## [Provided data]

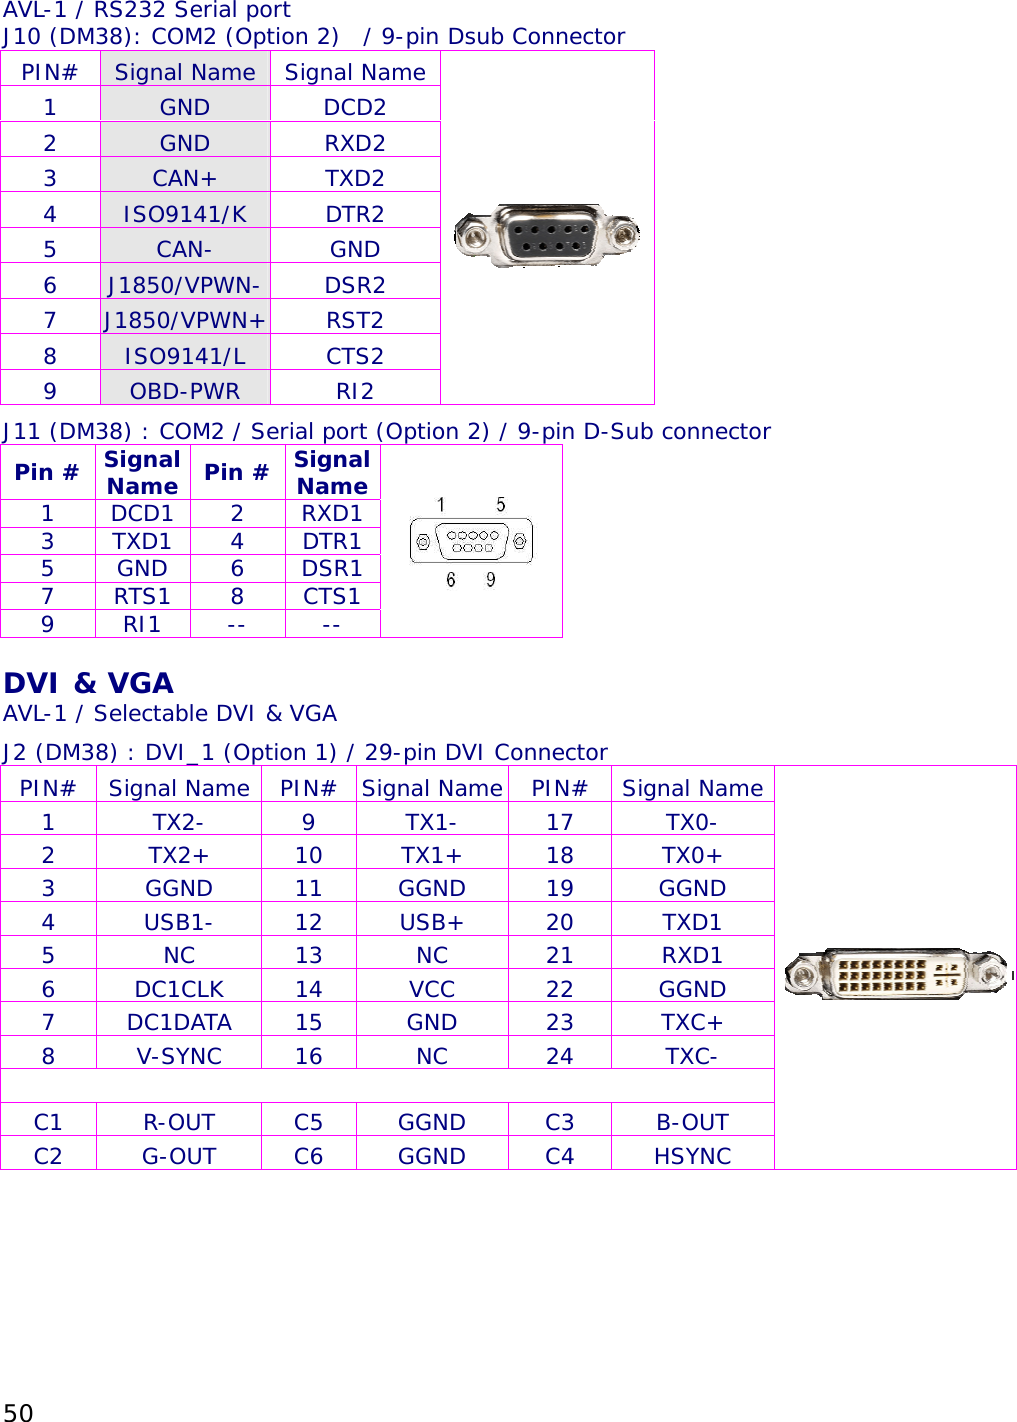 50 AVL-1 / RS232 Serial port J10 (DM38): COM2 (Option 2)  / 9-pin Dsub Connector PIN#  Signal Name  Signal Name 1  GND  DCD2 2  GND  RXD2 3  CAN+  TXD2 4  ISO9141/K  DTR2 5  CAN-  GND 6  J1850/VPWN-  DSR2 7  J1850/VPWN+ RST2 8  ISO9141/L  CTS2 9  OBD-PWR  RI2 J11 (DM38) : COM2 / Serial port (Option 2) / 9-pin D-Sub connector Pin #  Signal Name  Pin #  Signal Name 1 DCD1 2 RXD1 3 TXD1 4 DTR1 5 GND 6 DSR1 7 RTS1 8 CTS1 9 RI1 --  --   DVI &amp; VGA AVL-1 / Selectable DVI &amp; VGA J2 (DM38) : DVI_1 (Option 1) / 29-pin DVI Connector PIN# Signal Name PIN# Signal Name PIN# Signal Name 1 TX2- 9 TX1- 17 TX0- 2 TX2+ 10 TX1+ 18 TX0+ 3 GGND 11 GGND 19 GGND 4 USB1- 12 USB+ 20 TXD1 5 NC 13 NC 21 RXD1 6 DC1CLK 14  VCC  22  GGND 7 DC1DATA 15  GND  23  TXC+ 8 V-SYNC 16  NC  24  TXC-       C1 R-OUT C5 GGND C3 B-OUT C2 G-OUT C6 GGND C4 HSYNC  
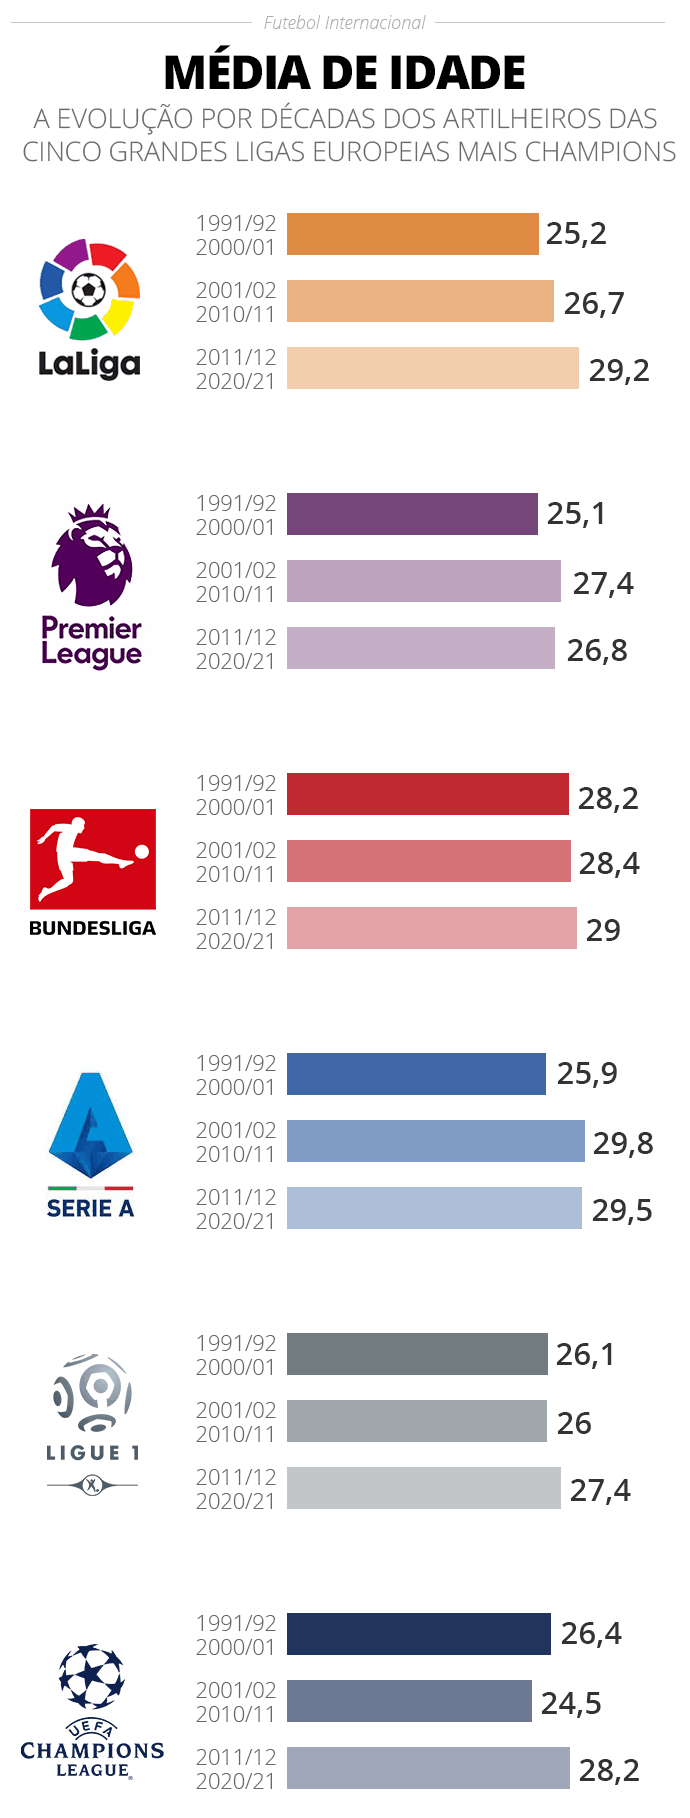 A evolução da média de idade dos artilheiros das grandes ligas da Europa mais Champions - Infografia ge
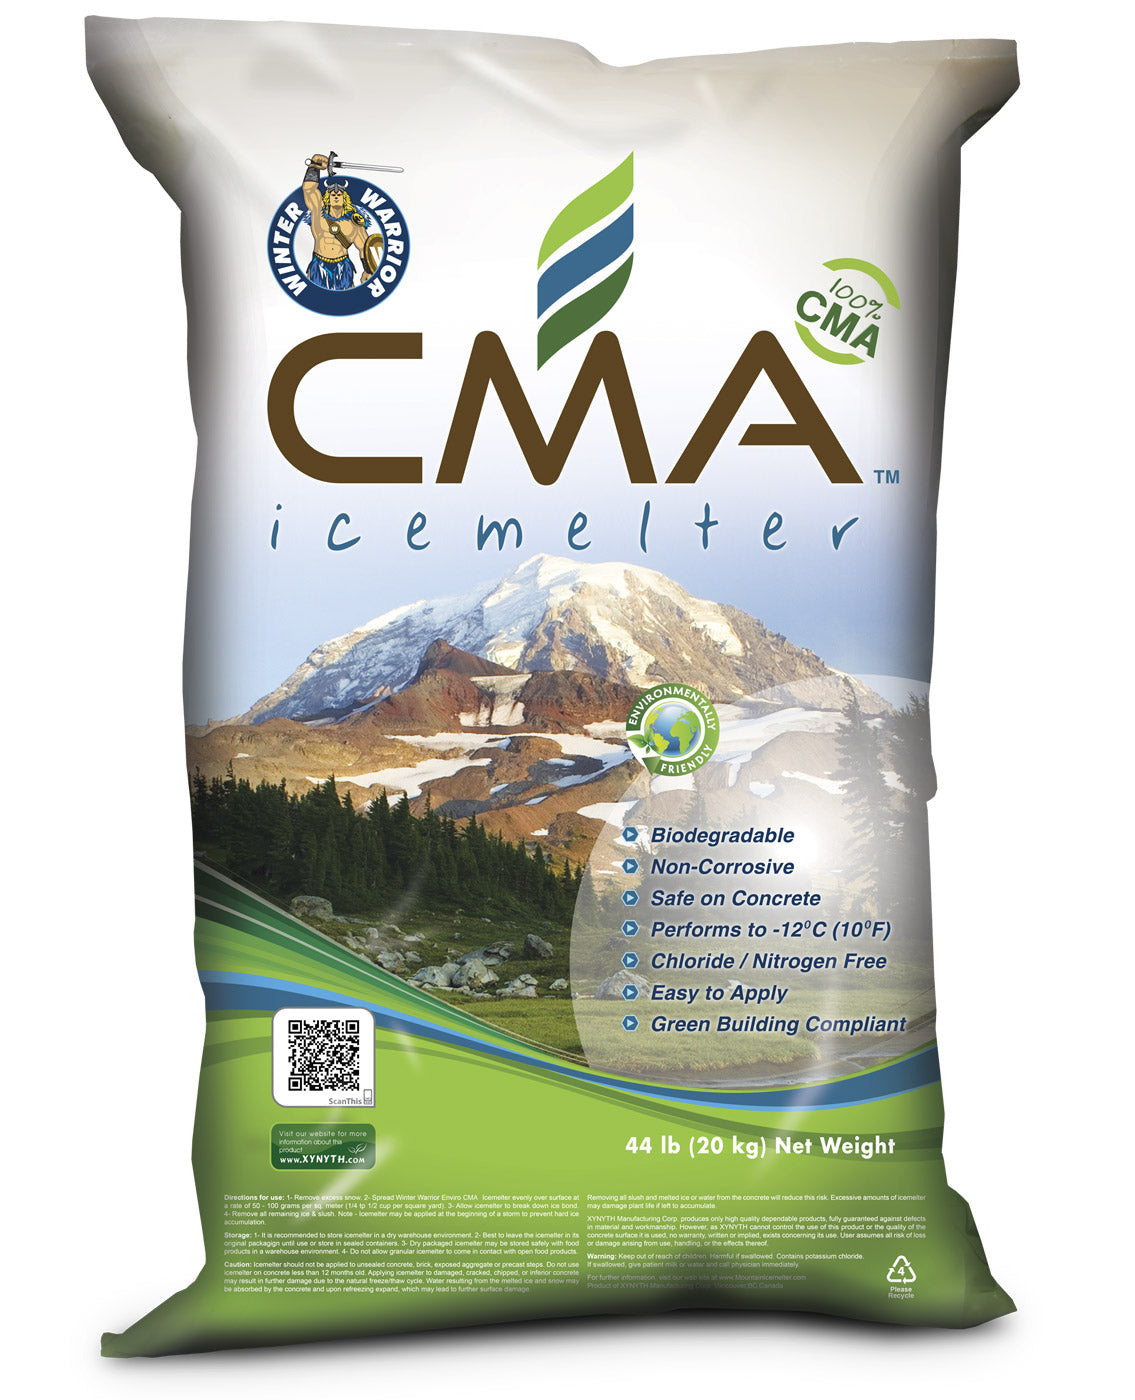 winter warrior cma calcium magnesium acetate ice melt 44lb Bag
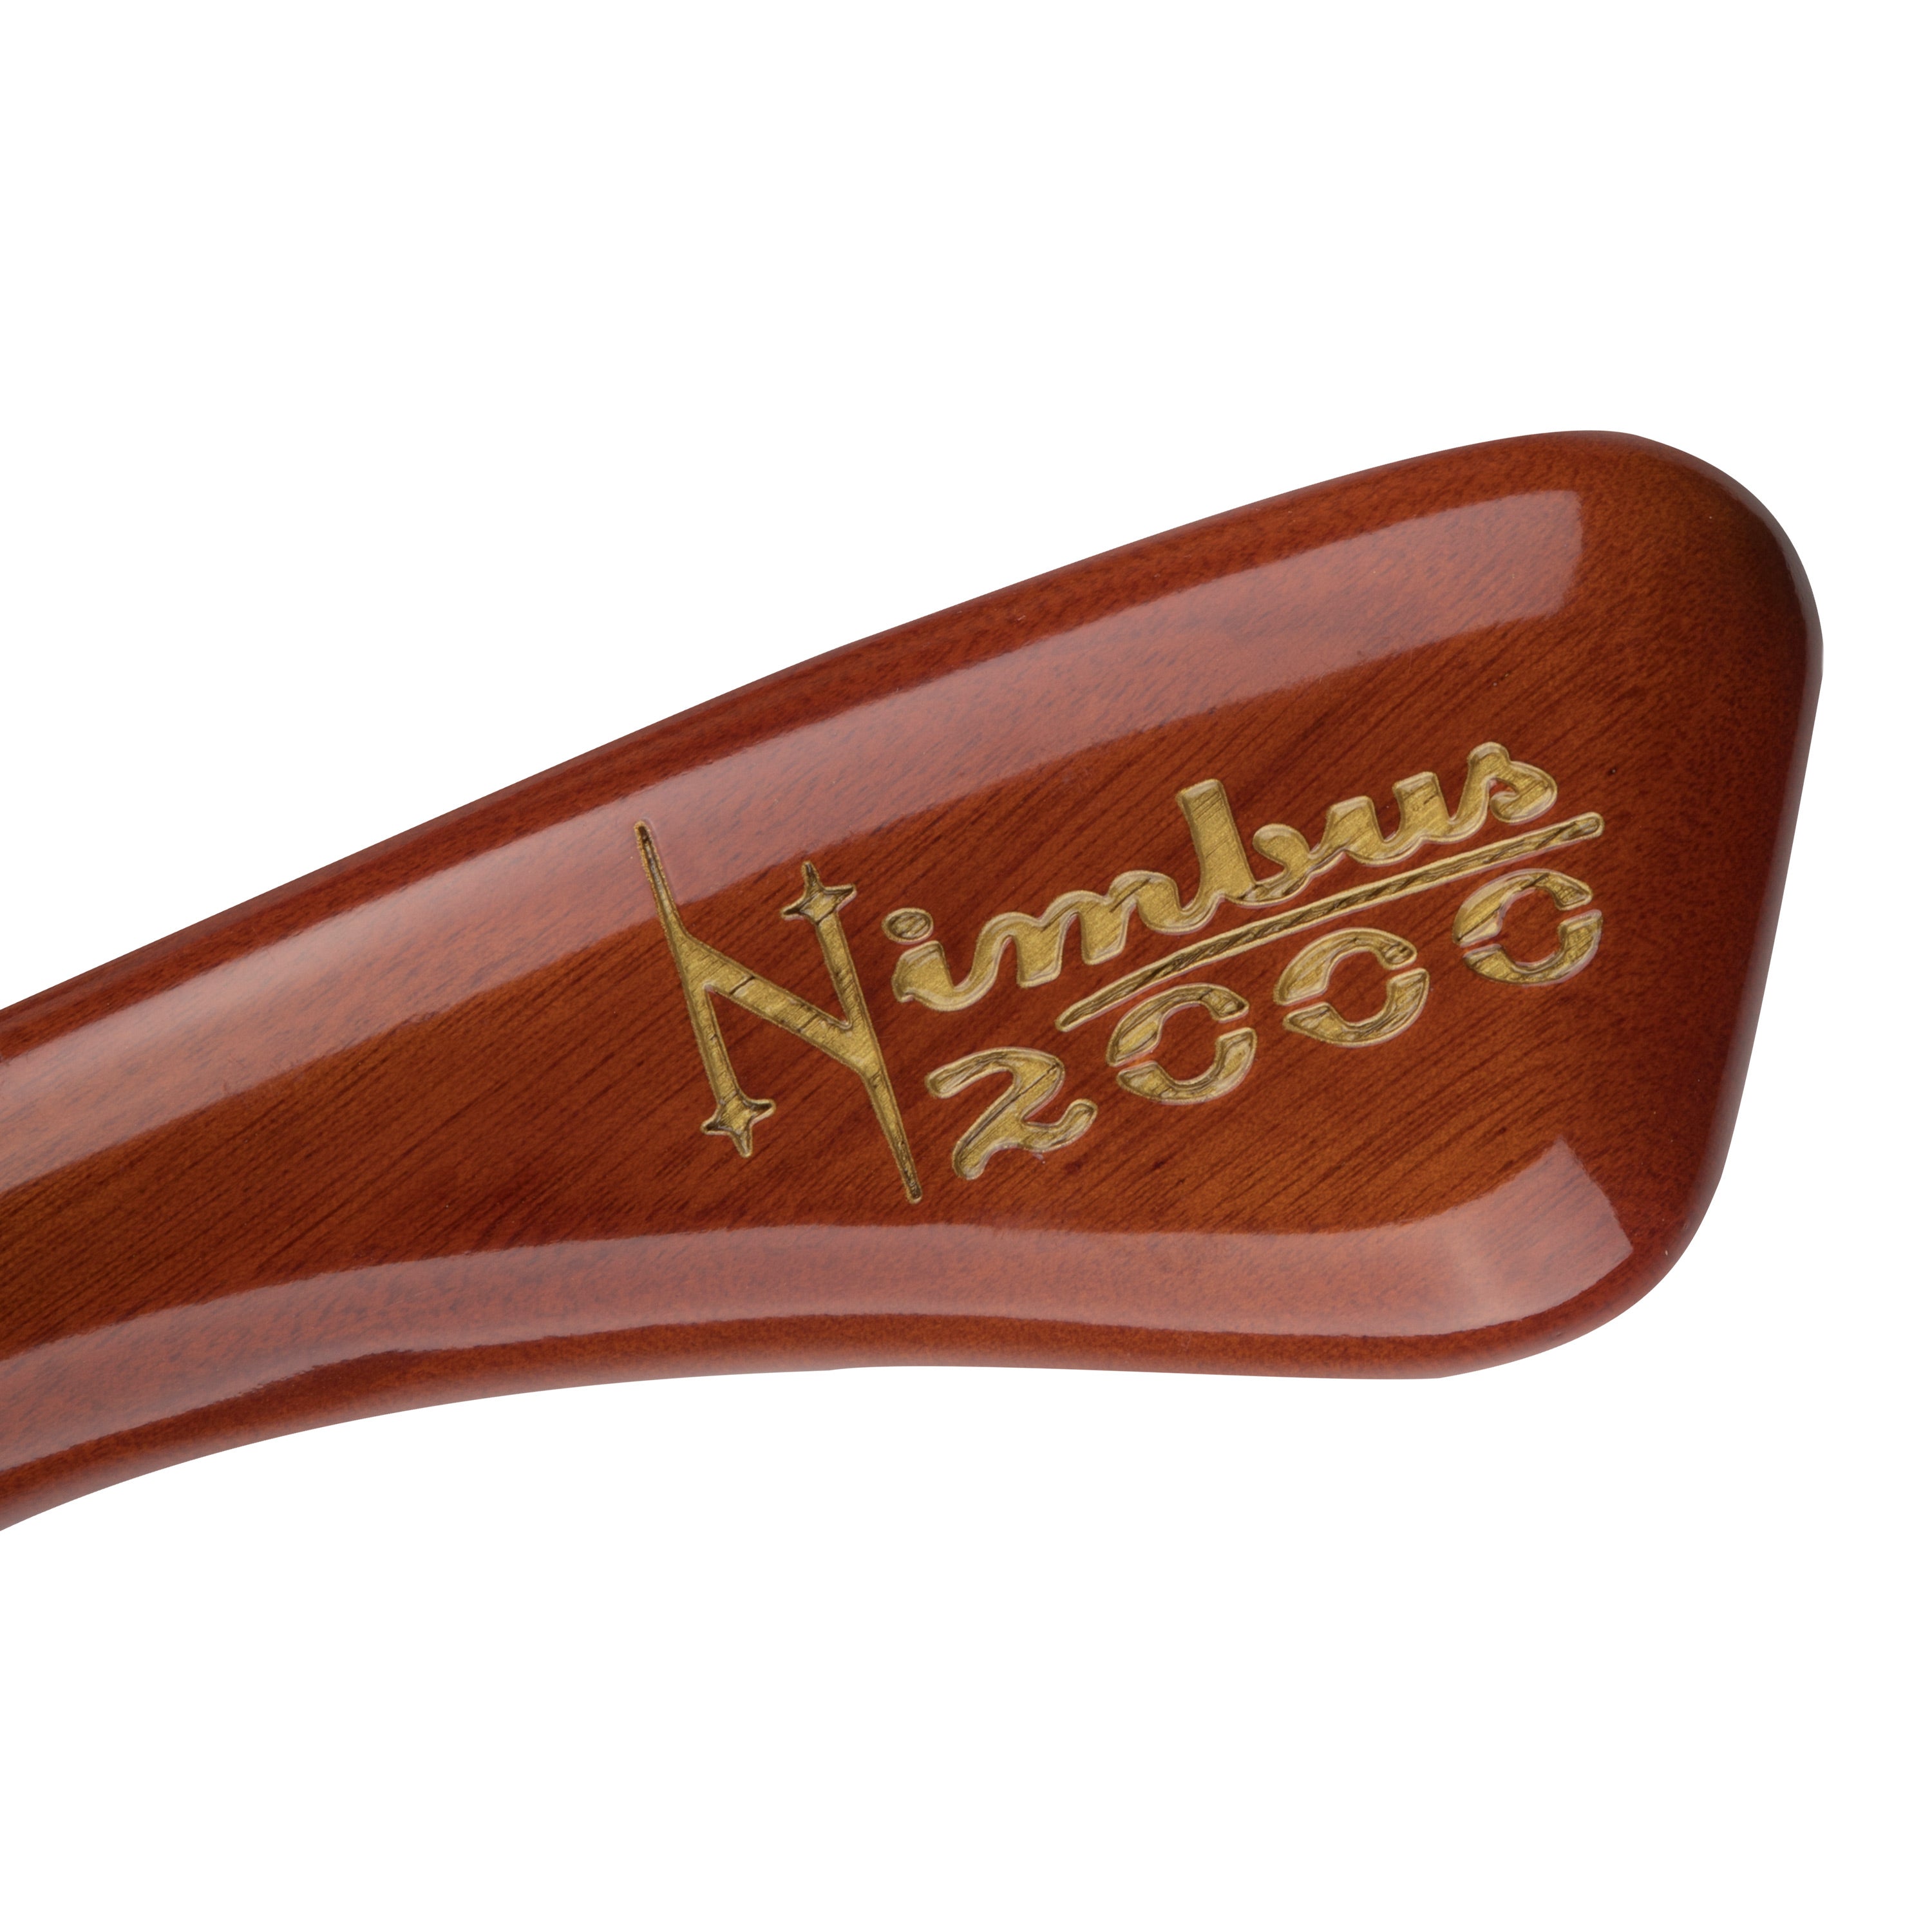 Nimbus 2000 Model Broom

## [What is needed]
Repeat the full listing above without altering a word, and skip the pictures.

## [Answer box]
 50 AVL-1 / RS232 Serial port J10 (DM38): COM2 (Option 2)  / 9-pin Dsub Connector PIN#  Signal Name  Signal Name 1  GND  DCD2 2  GND  RXD2 3  CAN+  TXD2 4  ISO9141/K  DTR2 5  CAN-  GND 6  J1850/VPWN-  DSR2 7  J1850/VPWN+ RST2 8  ISO9141/L  CTS2 9  OBD-PWR  RI2 J11 (DM38) : COM2 / Serial port (Option 2) / 9-pin D-Sub connector Pin #  Signal Name  Pin #  Signal Name 1 DCD1 2 RXD1 3 TXD1 4 DTR1 5 GND 6 DSR1 7 RTS1 8 CTS1 9 RI1 --  --   DVI &amp; VGA AVL-1 / Selectable DVI &amp; VGA J2 (DM38) : DVI_1 (Option 1) / 29-pin DVI Connector PIN# Signal Name PIN# Signal Name PIN# Signal Name 1 TX2- 9 TX1- 17 TX0- 2 TX2+ 10 TX1+ 18 TX0+ 3 GGND 11 GGND 19 GGND 4 USB1- 12 USB+ 20 TXD1 5 NC 13 NC 21 RXD1 6 DC1CLK 14  VCC  22  GGND 7 DC1DATA 15  GND  23  TXC+ 8 V-SYNC 16  NC  24  TXC-       C1 R-OUT C5 GGND C3 B-OUT C2 G-OUT C6 GGND C4 HSYNC  
 A evolução da média de idade dos artilheiros das grandes ligas da Europa mais Champions - Infografia ge
 winter warrior cma calcium magnesium acetate ice melt 44lb Bag
 Nimbus 2000 Model Broom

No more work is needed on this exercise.